# An object 0.600 cm tall is placed 16.5 cm to the left of the vertex of a concave mirror having a...

## Question:

An object 0.600 cm tall is placed 16.5 cm to the left of the vertex of a concave mirror having a radius of curvature of 22.0 cm.

a) Draw a principle-ray diagram showing the formation of the image.

b) Calculate the position, size, orientation (erect or inverted), and nature (real or virtual) of the image.

## Image formation by a Concave Mirror and Mirror Formula:

Image formation by Concave Mirror

• When the object lies beyond the center of curvature, the image always forms in between the center of curvature and the focal point (focus of the mirror).
• When the object lies between the focal point and the mirror, the image always forms on the opposite side of the mirror.

Mirror formula

Mirror formula is relation between the object distance, image distances and the focal length of the mirror, It is expressed by the equation;

{eq}\dfrac {1}{v}+\dfrac {1}{u} = \dfrac {1}{f}\\ {/eq}

where,

• {eq}v {/eq} is the image distance,
• {eq}u {/eq} is the object distance and
• {eq}f {/eq} is the focal length of the mirror.

Given

• Height of the object is {eq}h_o= 0.6\ cm {/eq}
• Distance of object from the mirror is {eq}u= -16.5\ cm {/eq}
• Radius of curvature of the mirror is {eq}R= -22 \ cm {/eq}

Part (a)

The ray diagram of the current situation is shown in the figure below.

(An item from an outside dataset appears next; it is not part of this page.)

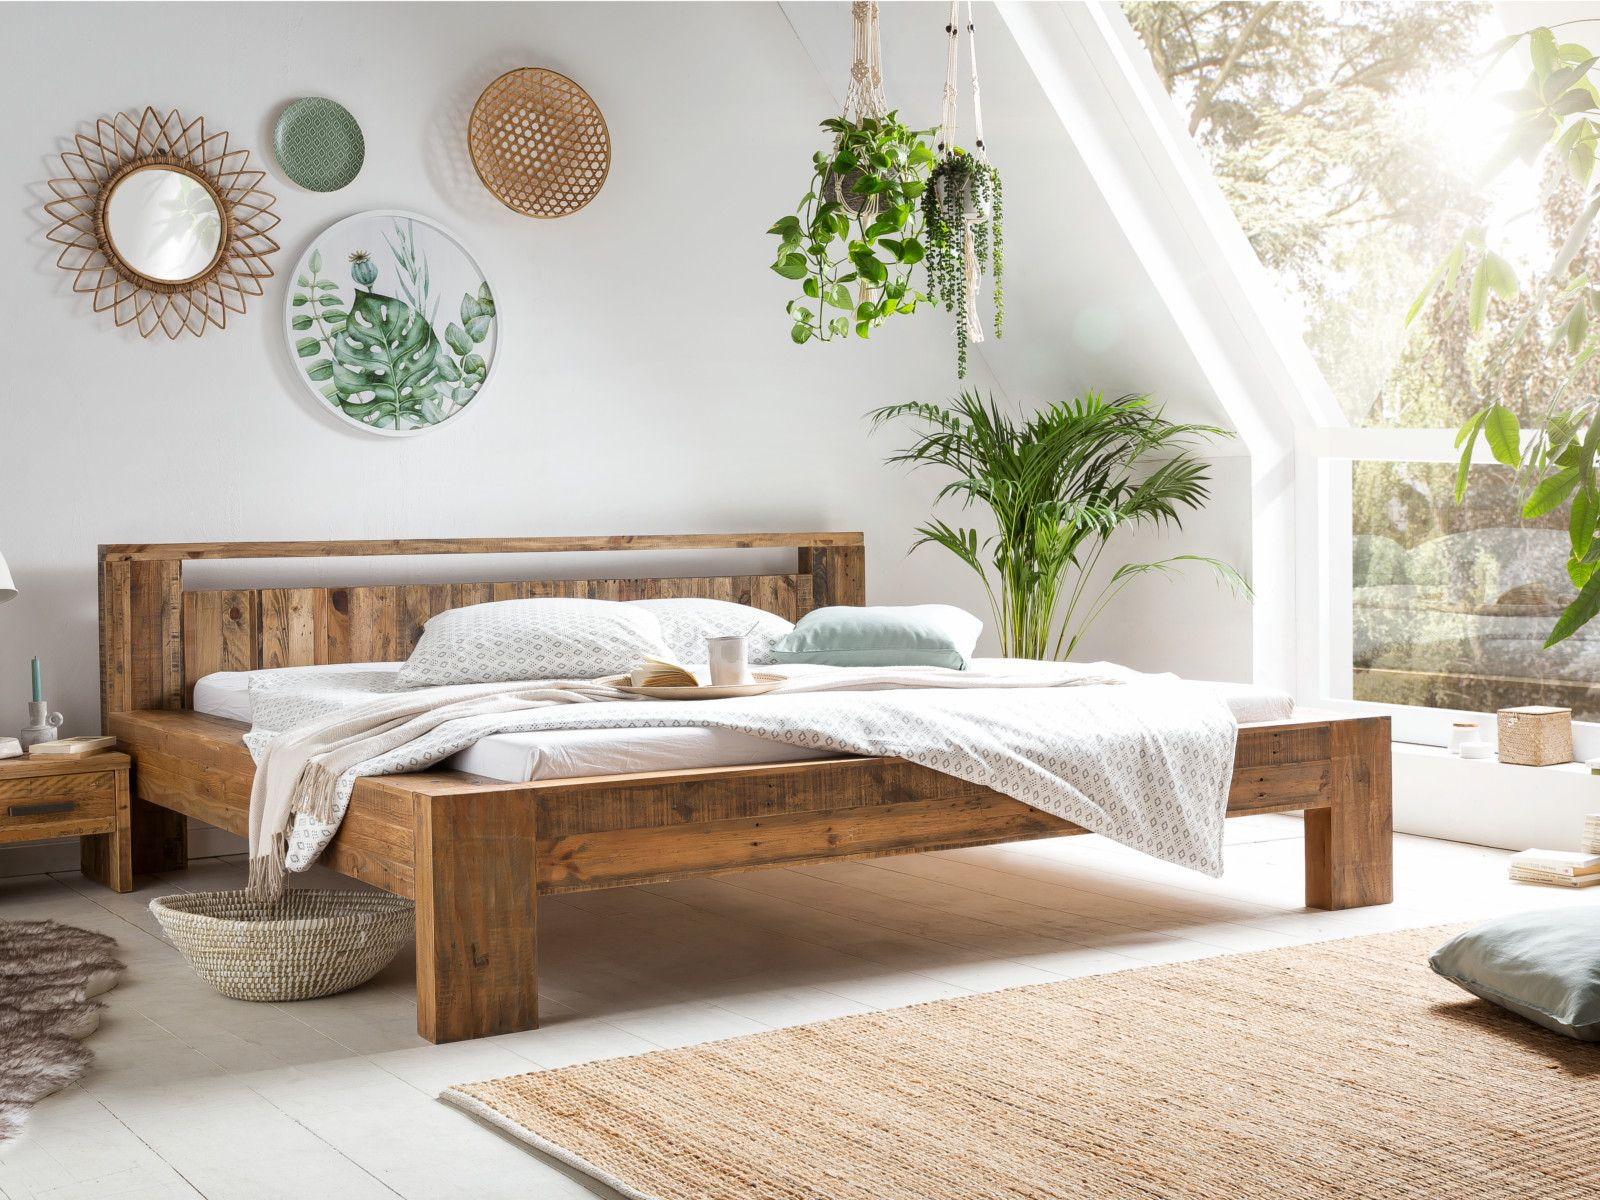 Holzbett Scottburgh Schlafzimmer einrichten, Holzbetten

In the above figure,

• AB is the object and A'B' is the image of that object.

Part (b)

As we know that the radius of curvature is given by;

{eq}\begin{align} R &= 2f\\ -22\ cm& = 2f\\ \implies f&= -11\ cm\\ \end{align} {/eq}

From the Mirror formula,

{eq}\begin{align} \dfrac {1}{f}&=\dfrac{1}{v}+\dfrac {1}{u}\\ \implies \dfrac{1}{v}&= \dfrac{1}{f}-\dfrac{1}{u}\\ \implies \dfrac{1}{v}&= \dfrac{1}{-11\ cm}- \dfrac{1}{-16.5\ cm}\\ \implies v &= -33\ cm\\ \end{align} {/eq}

The magnification of the image is given by;

{eq}\begin{align} m &= -\dfrac {v}{u}\\ \implies \dfrac{1}{2}&=-\dfrac {-33\ cm}{-16.5\ cm}\\ \implies m &= -2\\ \end{align} {/eq}

Also the magnification of the image is given by;

{eq}\begin{align} m &= \dfrac {h_i}{h_o}\\ \implies -2 &=\dfrac {h_i}{0.6\ cm}\\ \implies h_i&= -1.2\ cm\\ \end{align} {/eq}

Thus, the image formed at a distance of {eq}33\ cm {/eq} in front of the mirror, its height is 1.2 cm, it is real in nature and it is inverted.